Chapter 2 presents the salient features of (ℓ 2 -)Wasserstein space starting with topological properties of statistical importance, as well as metric properties such as covering numbers. It continues with geometrical features of the space, reviewing the tangent bundle structure of the space, the characterisation of geodesics, and the log and exponential maps as related to transport maps. Finally, it reviews the relationship between the curvature and the so-called compatibility of transport maps, roughly speaking when can one expect optimal transport maps to form a group.
Chapter 3 starts to shift attention to issues more statistical and treats the problem of existence, uniqueness, characterisation, and regularity of Fréchet means (barycenters) for collections of measures in Wasserstein space. This is done by means of the so-calledmultimarginal transport problem (a.k.a. optimal multitransport or optimal multicoupling problem). The treatment starts with finite collections of measures, and then considers Fréchet means for (potentially uncountably supported) probability distributions on Wasserstein space and associated measurability concerns.
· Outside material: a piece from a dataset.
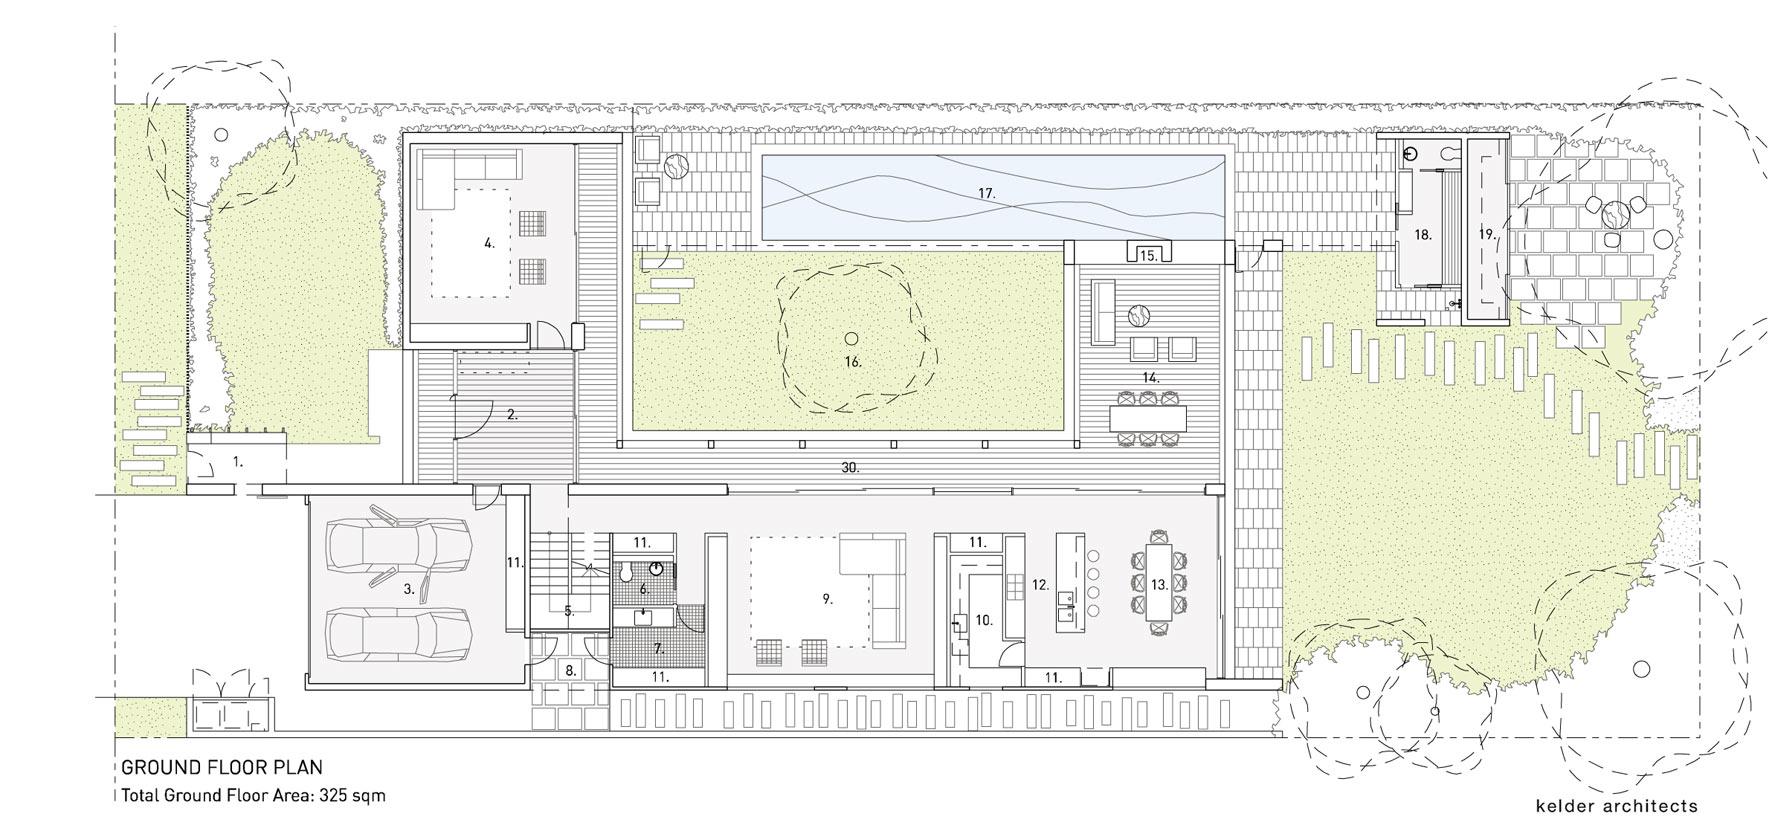 KA_casuarina-house-plan_web.jpg

Chapter 4 considers the problem of estimation of the Fréchet mean of a probability distribution in Wasserstein space, on the basis of a finite collection of i.i.d. elements from this law observed with ‘sampling noise’. It is shown that this problem is inextricably linked to the problem of separation of amplitude and phase variation (a.k.a. registration) of random point patters, where the focus is on estimating the maps yielding the optimal multicoupling rather than the Fréchet mean itself. Nonparametric methodology for solving either problem is reviewed, coupled with associated asymptotic theory and several illustrative examples.
Chapter 5 focusses on the problem of actuallyconstructing the Fréchet mean and/or optimal multicoupling of a collection of measures, which is a necessary step when using the methods of Chap. 4 in practice. It presents the steepest descent algorithm based on the geometrical features reviewed in Chap. 2 and a convergence analysis thereof. Interestingly, it is seen that the algorithm is closely related to Procrustes algorithms in shape theory, and this connection is discussed in depth. Several special cases are reviewed in more detail.
Each chapter comes with some bibliographic notes at the end, giving some background and suggesting further reading. The first two chapters can be used independently as a crash course in optimal transport for statisticians at the MSc or PhD level depending on the audience’s background. Proofs that were omitted from the main text due to space limitations have been organised into an online supplement accessible at www.somewhere.com
We wish to thank three anonymous reviewers for their thoughtful feedback. We are especially indebted to one of them, whose analytical insights were particularly useful. Any errors or omissions are, of course, our own responsibility. Victor M. Panaretos gratefully acknowledges support from a European Research Council Starting Grant. Yoav Zemel was supported by Swiss National Science Foundation Grant # 178220. Finally, we wish to thank Mark Podolskij and Donna Chernyk for their patience and encouragement.